» **MATERIAL PROVIDED**:
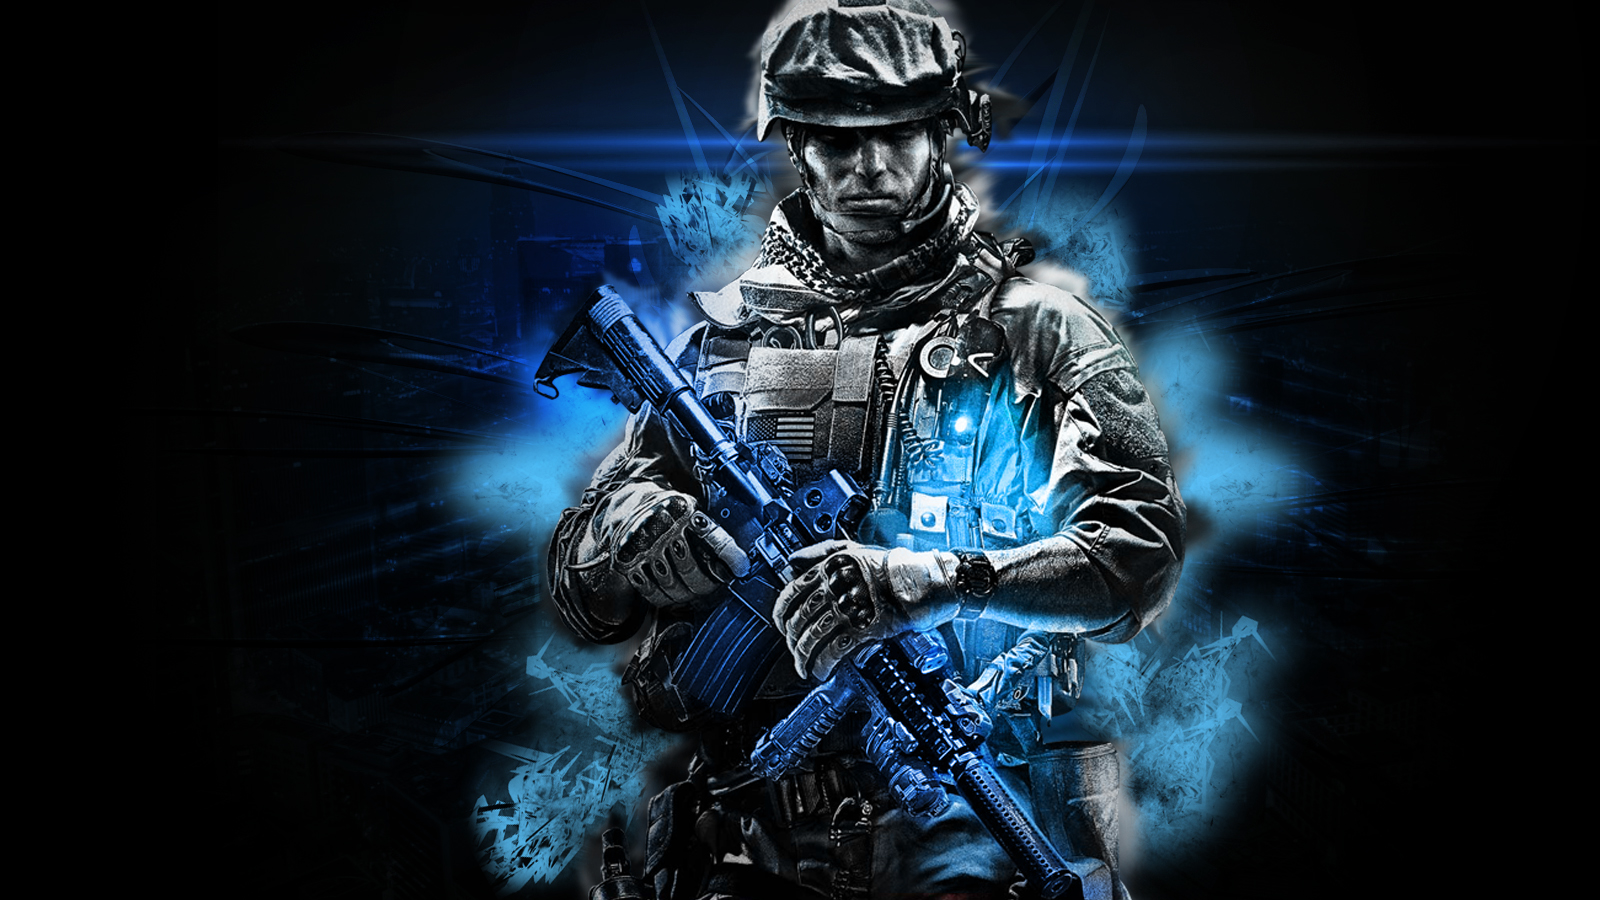 Battlefield HD Cool Background Wallpaper Games
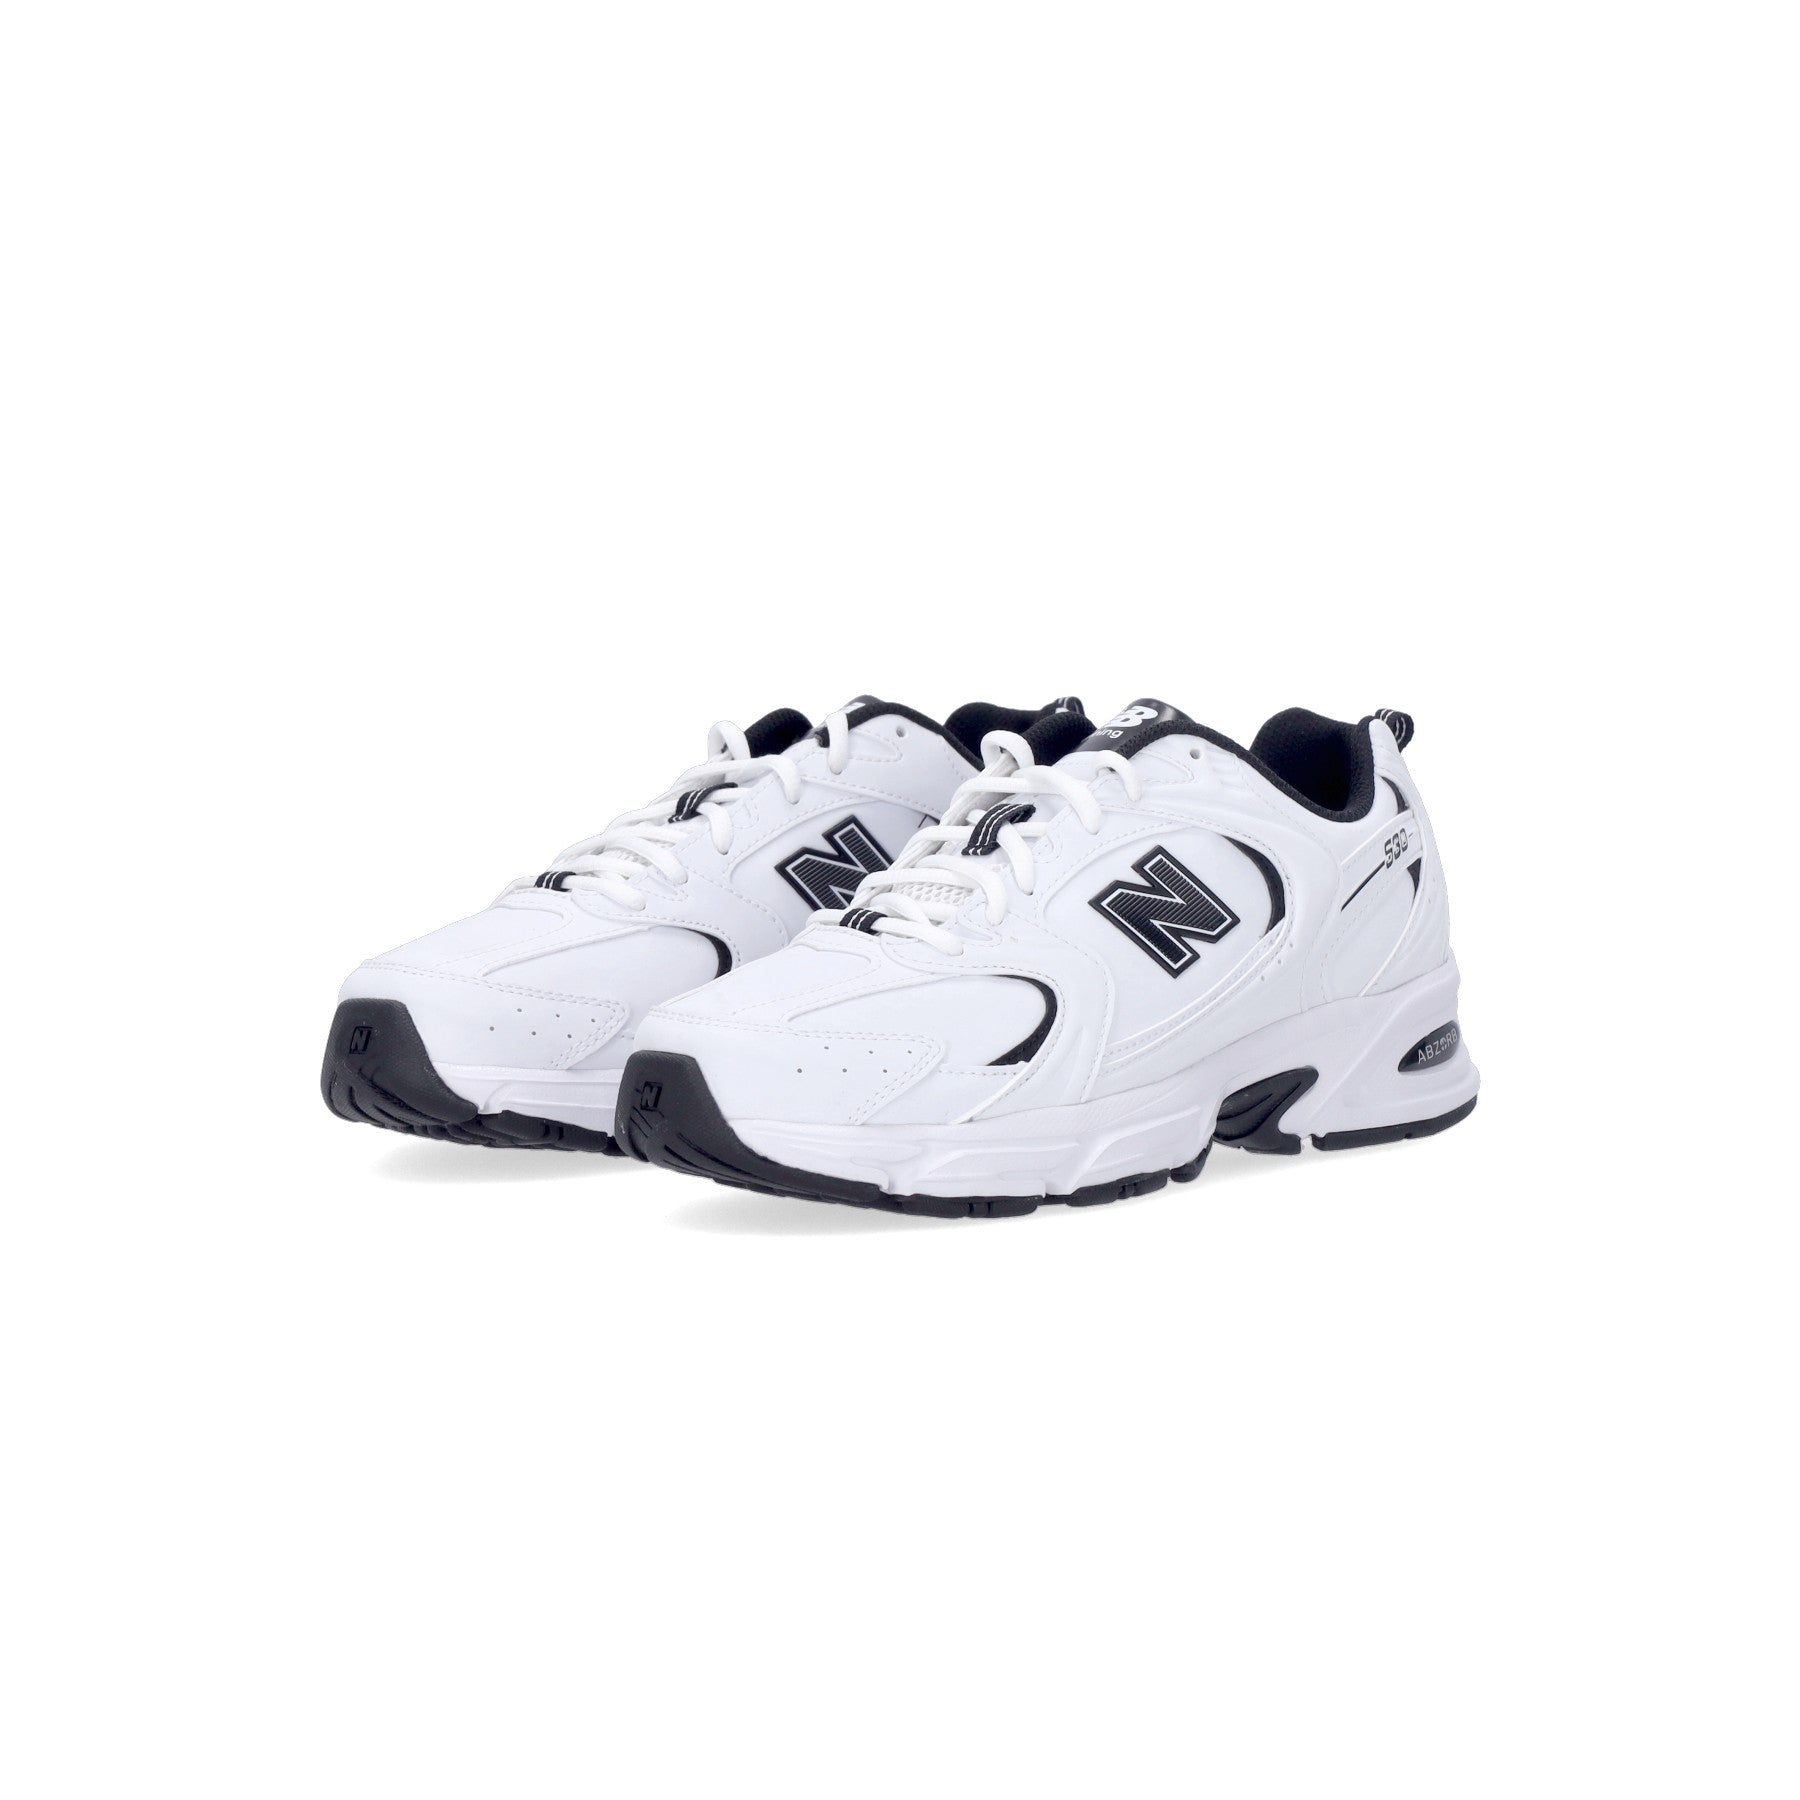 Low Men's Shoe 530 White/black
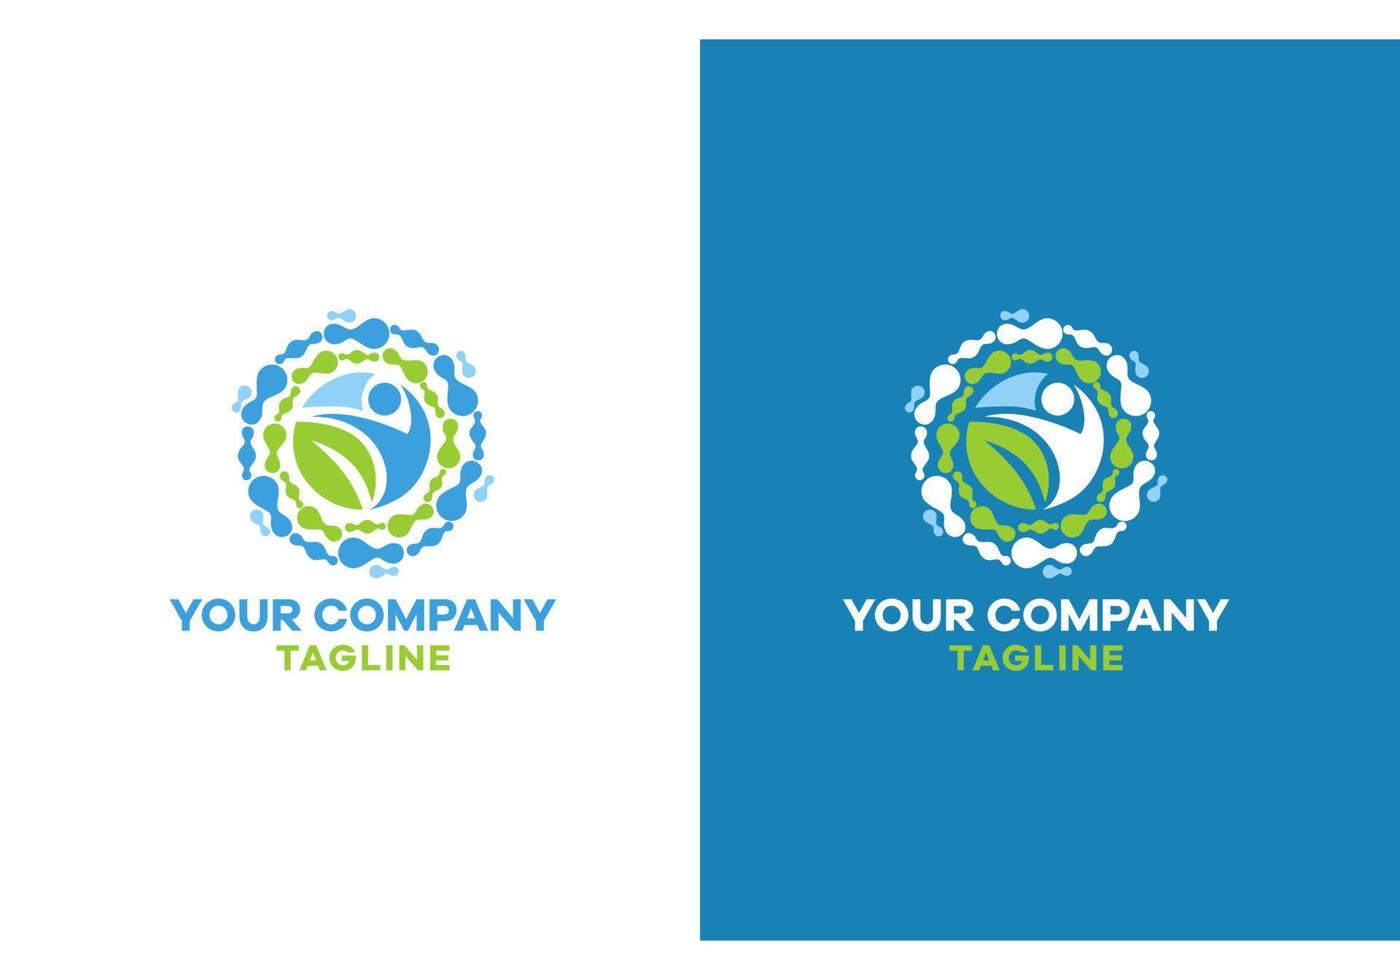 rundformad logotyp för en företag i de fält av sjukvård och medicin vektor

» **DIRECTIONS**:
In full and without any pictures, print the listing above exactly.

» **TASK RESPONSE**:
 Battlefield HD Cool Background Wallpaper Games
 Low Men's Shoe 530 White/black
 rundformad logotyp för en företag i de fält av sjukvård och medicin vektor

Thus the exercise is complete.